Admittedly in this case it was hardly a thoughtful gift, but still. Anyway, I’m with you OP, I think it’s impolite not to thank people for gifts but demanding thanks is really crass.

SharpLily · 10/10/2020 21:30

Those piling in with YABVVVU - do you not think the grandmother was rude for not calling and wishing her (unwell) granddaughter a happy birthday? Had she bothered to do that she would have no doubt been thanked for her present. If it doesn’t take long to contact someone to thank them it equally doesn’t take long to send them happy birthday. What’s her excuse for not doing so?

HandfulOfDust · 10/10/2020 21:32

@Downton57

Those that don't thank people for presents sent in the post, doesn't it concern you that the giver might worry that the gift hasn't arrived?

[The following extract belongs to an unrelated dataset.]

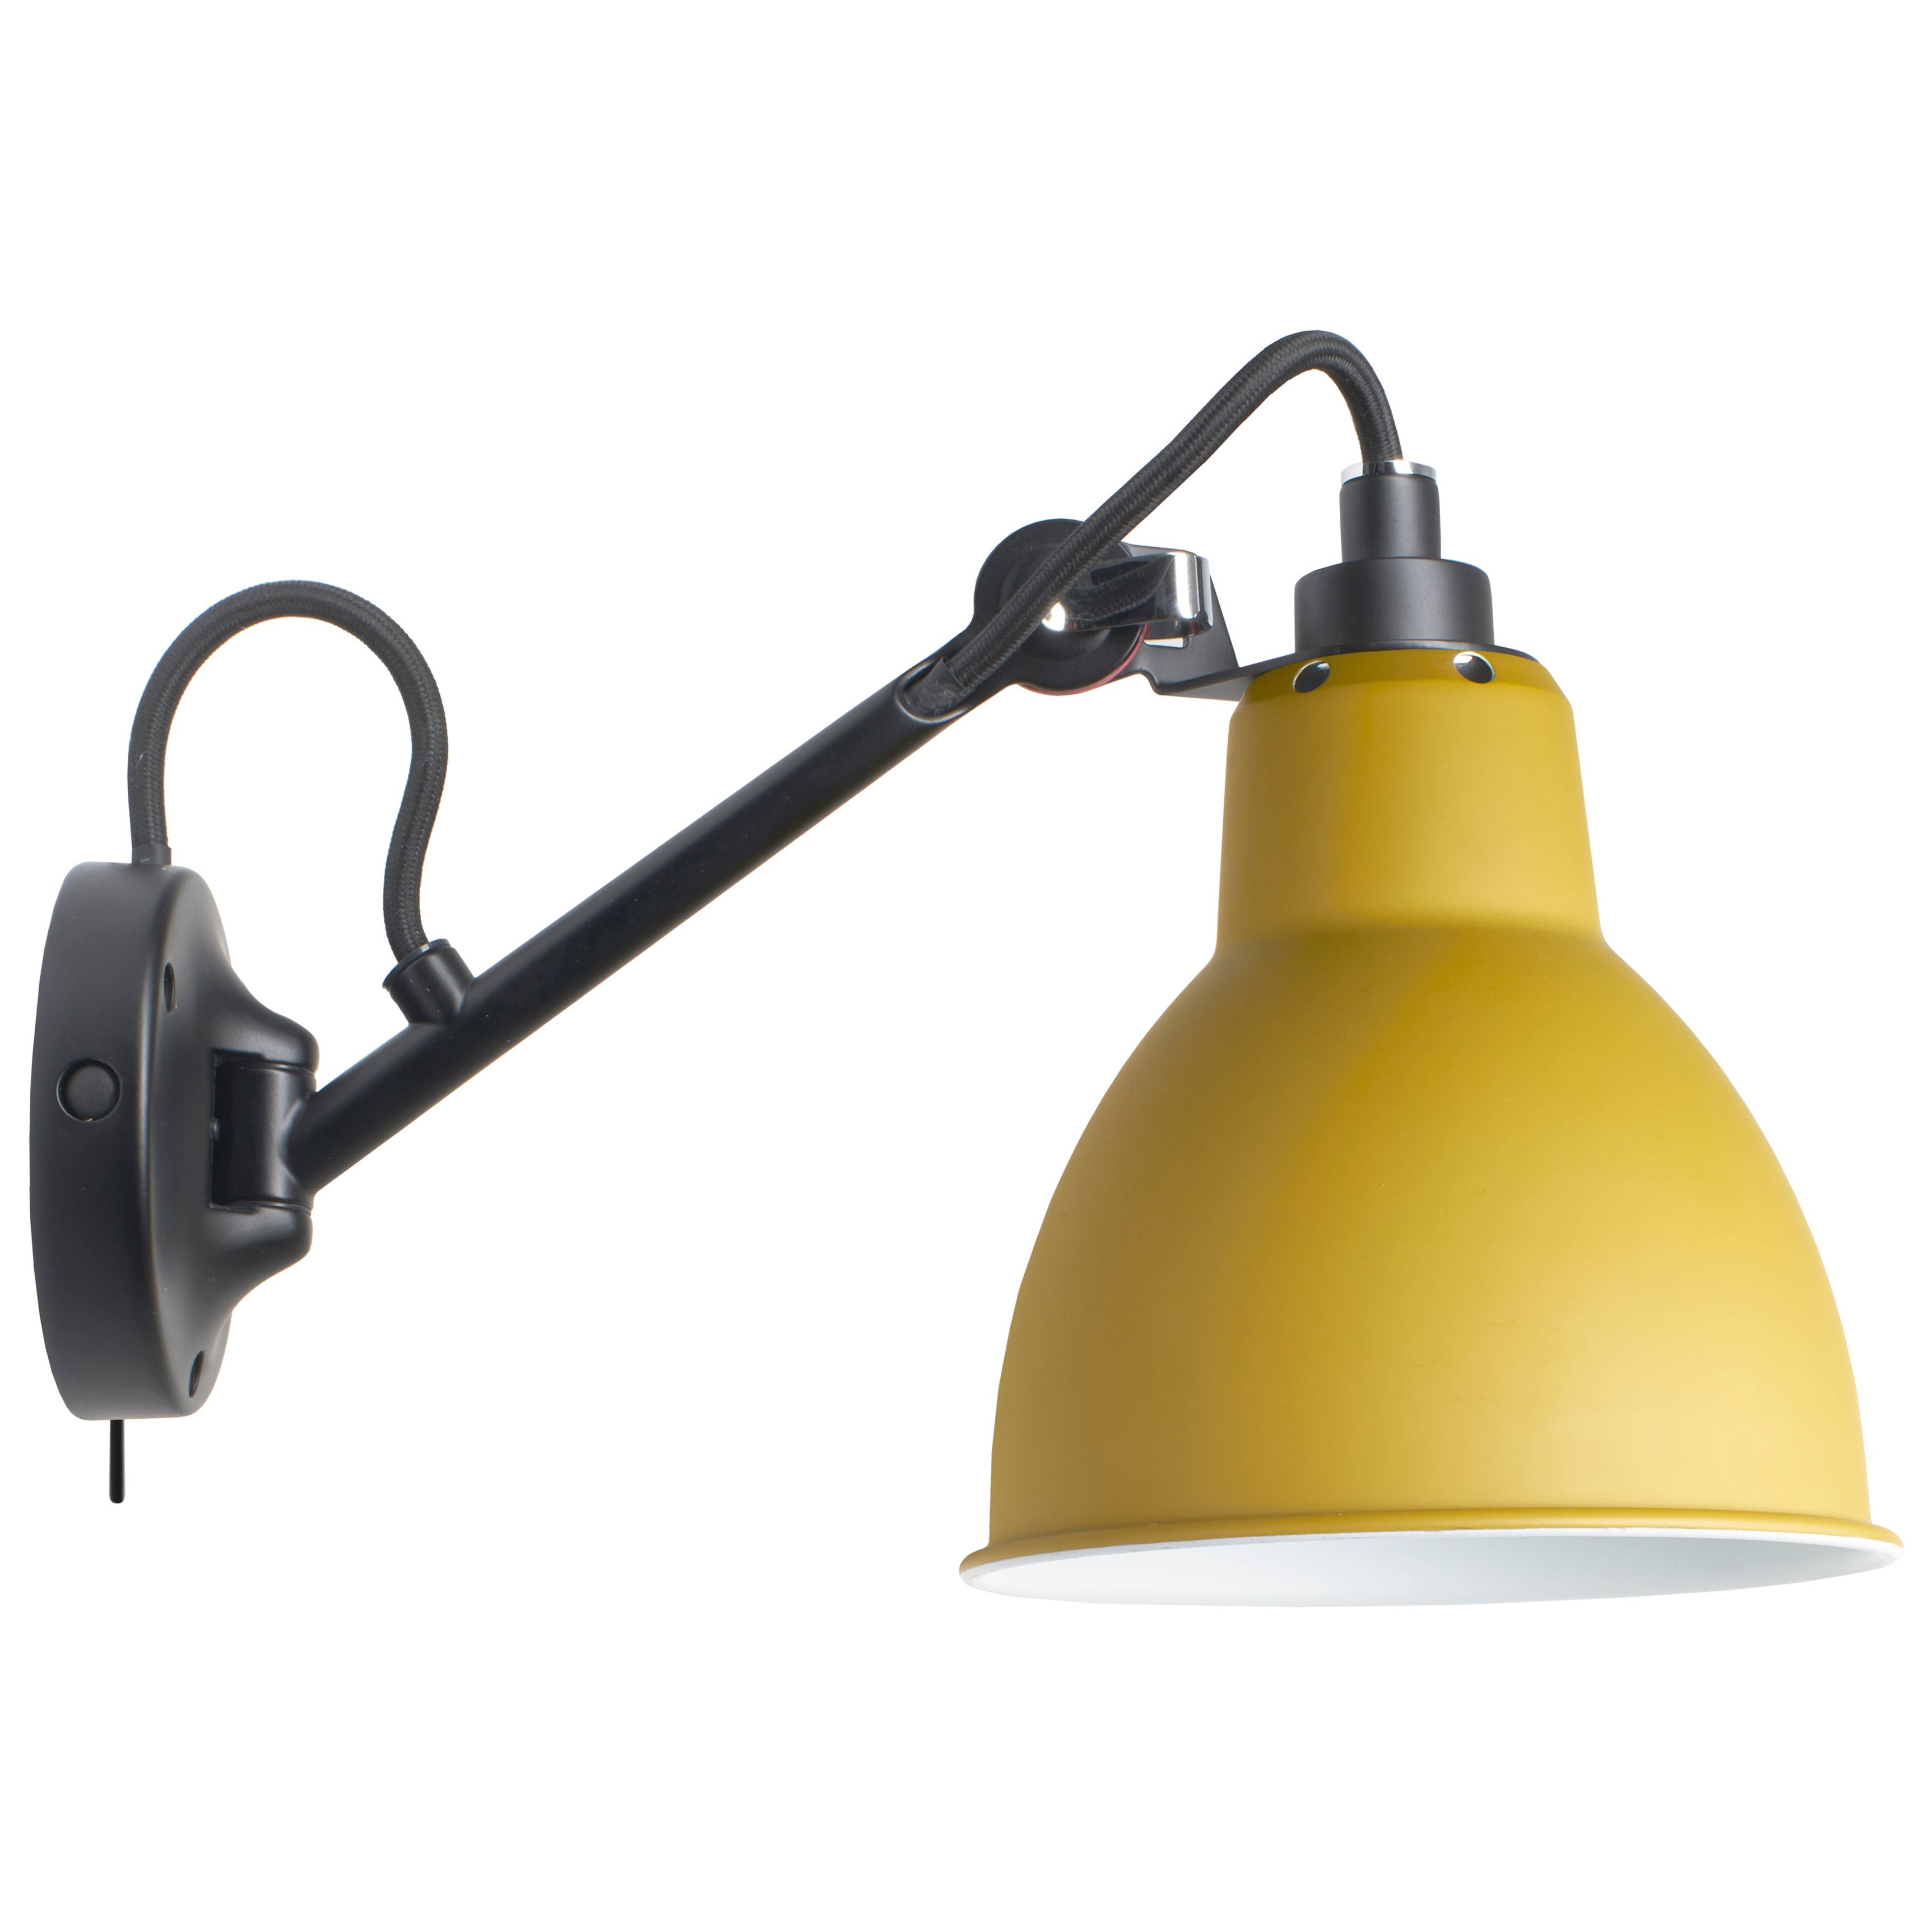 DCW Editions La Lampe Gras N°104 SW Wall Lamp in Black Arm and Yellow Shade

No not at all. I would assume that if they can't wait a few days for me to send a thank you card they really shouldn't be sending things in the post at all. If you're really that impatient that you can't wait for a thank you and so ungracious that you'll ring up demanding one I'd politely ask you not to send any gifts in the future as it's a right hassle.

Brefugee · 10/10/2020 21:34

And yet she's 6 and has 2 parents who could remind her to say thanks to granny.

If granny had phoned her on the day she could have said it then. Since granny apparently didn't, a quick call wouldn't have hurt? DH could have said something?

I don't think I've been at all nasty to OP except to say that, IMO, i think it's rude not to say thank you for a present.

I'm not even nasty to my rude nieces & nephews who have never thanked me for presents in the past and therefore don't get them now. Easy. It's the internet: YMMV. and OP did ask if we thought she was BU.